Le Canada utilise des millions de kilos de pesticides interdits en Europe, qui sont associés à de graves effets sur la santé et l’environnement. L’utilisation excessive et la mauvaise réglementation des pesticides posent de graves risques commerciaux pour le Canada, alors que l’Union européenne s’apprête à restreindre les importations de produits alimentaires contenant des pesticides interdits ou des pesticides utilisés à des taux plus élevés qu’en Europe (source en anglais).

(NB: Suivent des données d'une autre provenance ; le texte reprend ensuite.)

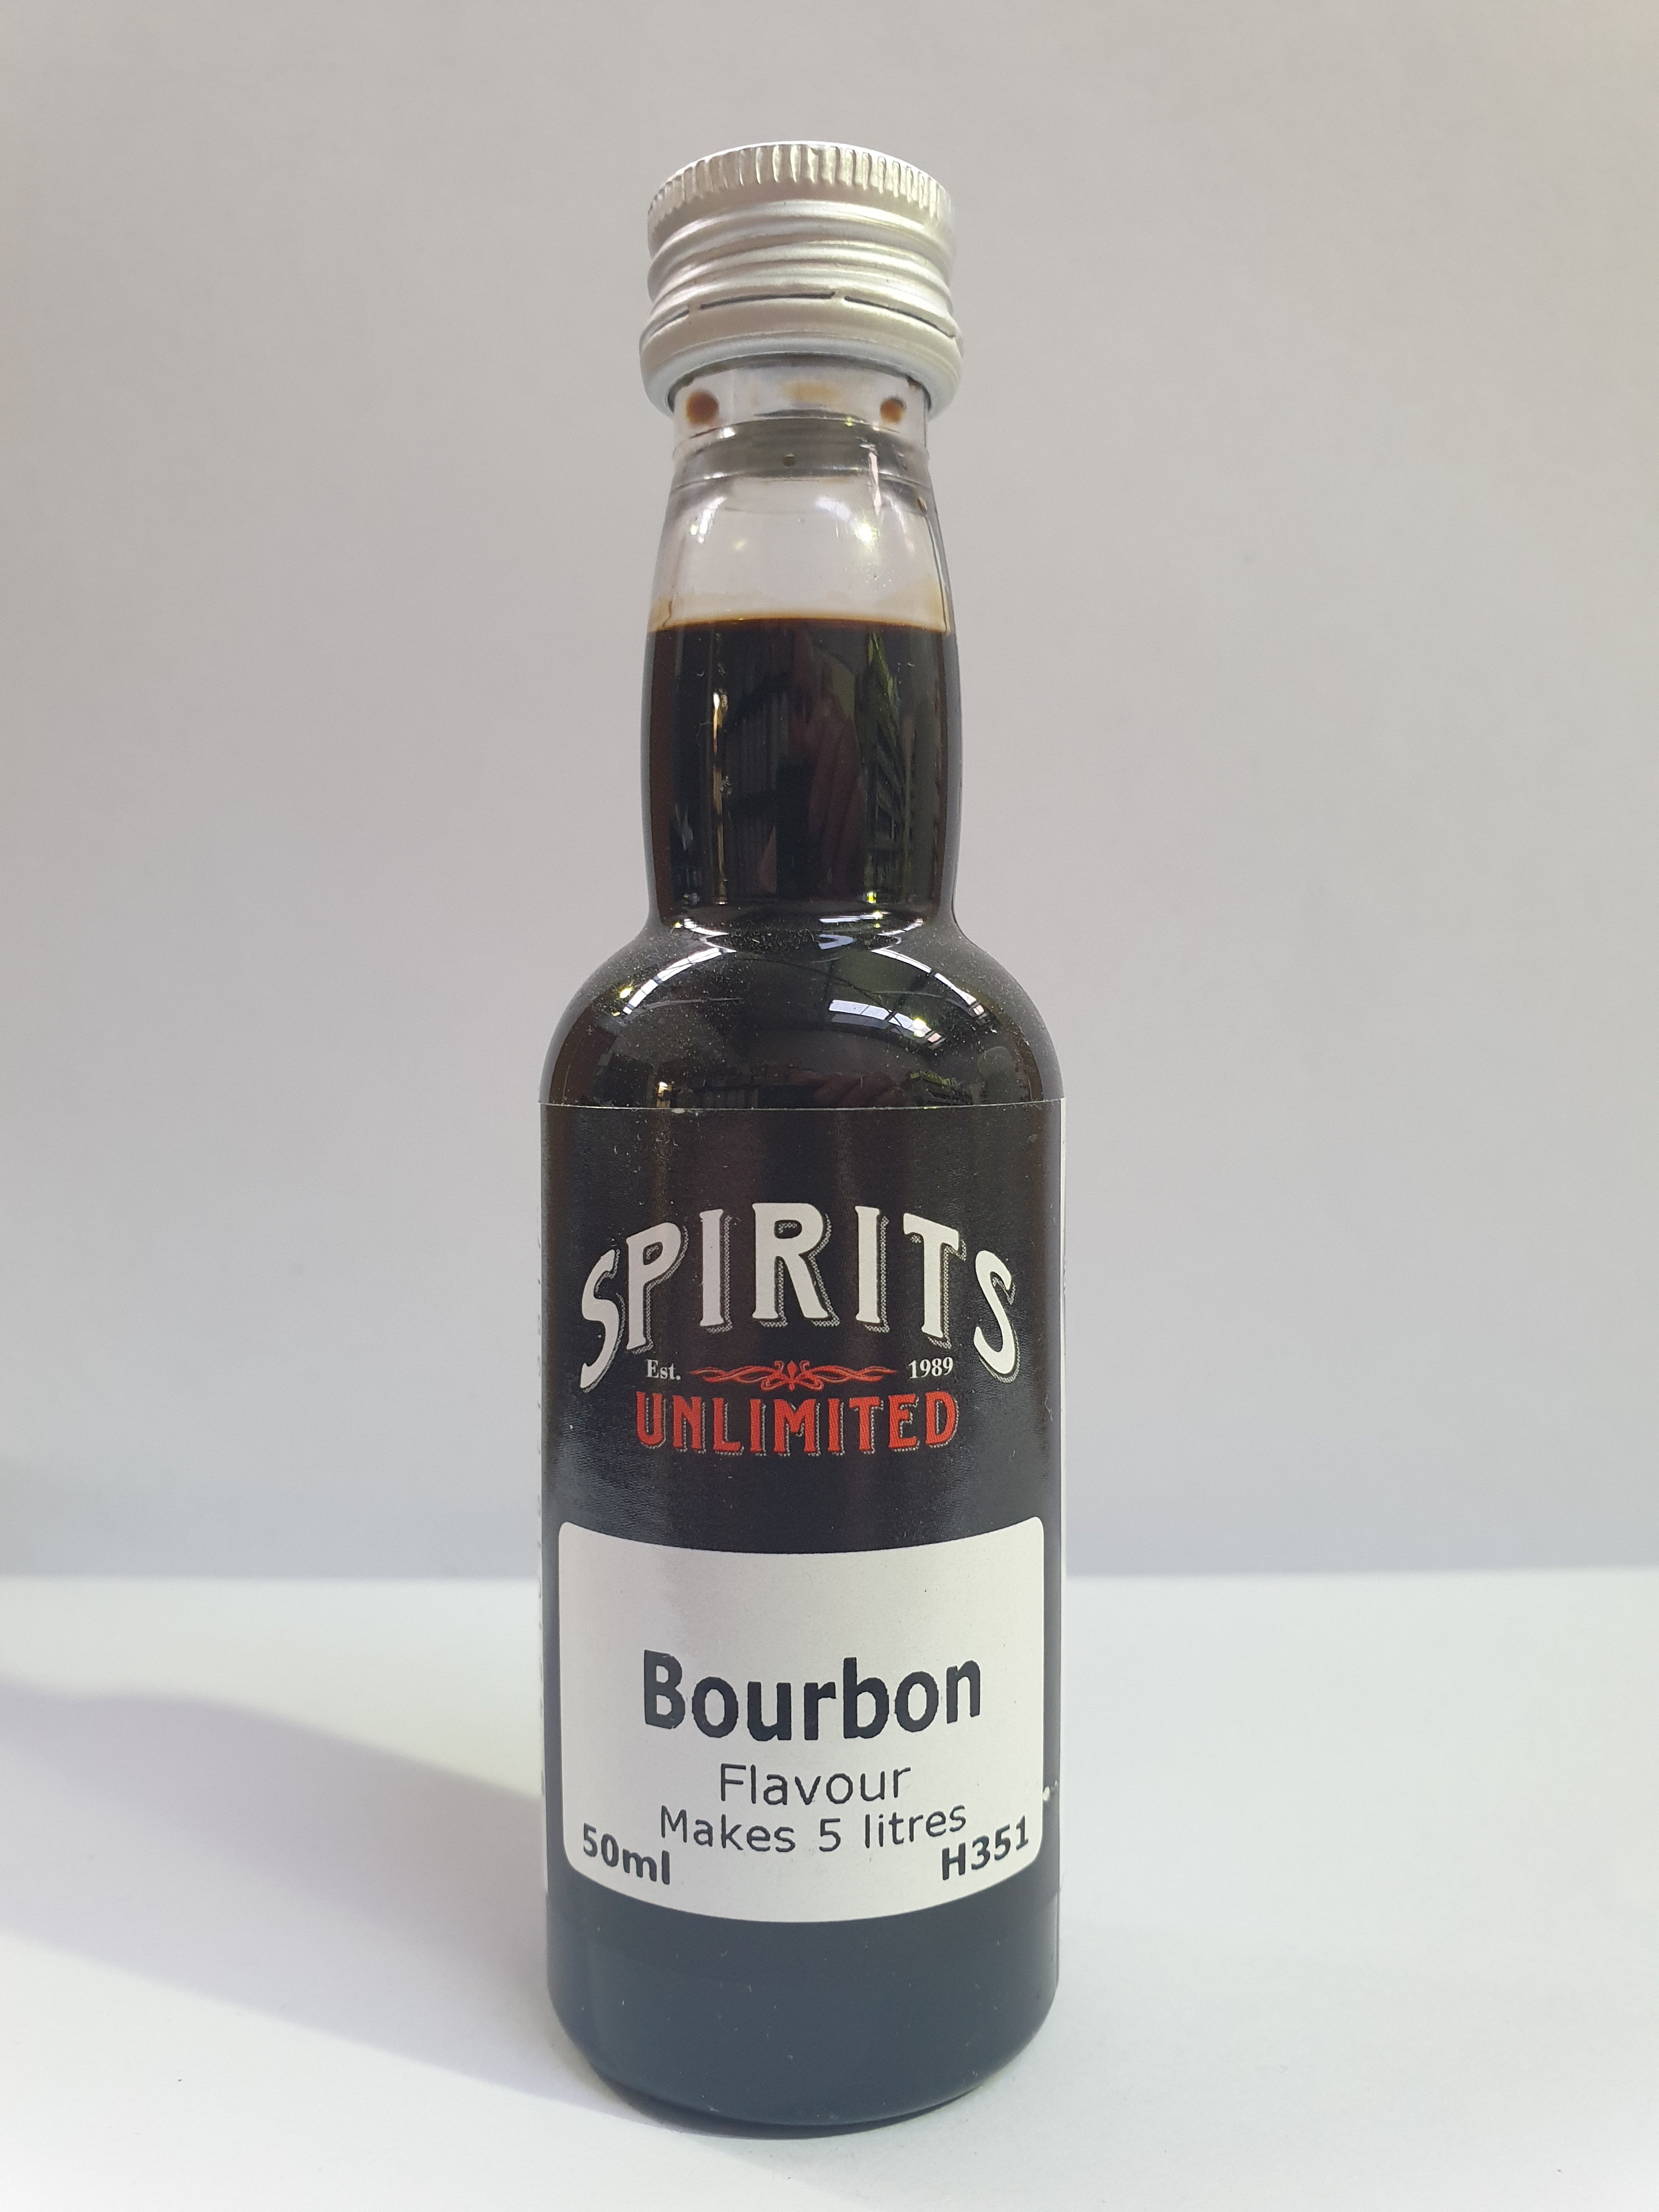 Spirits Unlimited (Straight) Bourbon (H351)

Le Canada est à la traîne par rapport à l’Europe et à d’autres partenaires commerciaux comme l’Europe et le Mexique en ce qui concerne la restriction de l’utilisation d’herbicides à base de glyphosate pour protéger la santé humaine et l’environnement. L’Europe interdit les pesticides dangereux qui peuvent contaminer les aliments et l’eau potable, tandis que le Canada continue d’autoriser une utilisation importante de ces produits chimiques.

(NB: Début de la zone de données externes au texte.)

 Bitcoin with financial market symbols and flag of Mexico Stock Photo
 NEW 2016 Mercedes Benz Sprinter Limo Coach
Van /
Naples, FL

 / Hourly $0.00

La gestion des pesticides au Canada subit l’influence indue de l’industrie
Les dommages inacceptables et inutiles causés par les pesticides sont le résultat d’un système de réglementation défaillant qui a été accaparé par l’industrie. Le Canada adopte une approche fondée sur le marché qui permet aux multinationales agrochimiques d’exercer un contrôle sur le secteur agricole. En conséquence, ces entreprises engrangent des milliards de dollars de profits au détriment des agriculteur.rice.s, des travailleur.euse.s, de notre santé et de notre environnement.
Les entreprises paient des frais aussi bas que 90 $ pour renouveler l’homologation de produits antiparasitaires qui présentent des risques émergents pour la santé et l’environnement. Santé Canada doit utiliser un système de pollueur-payeur pour s’assurer de pouvoir se tenir au courant des dernières avancées scientifiques.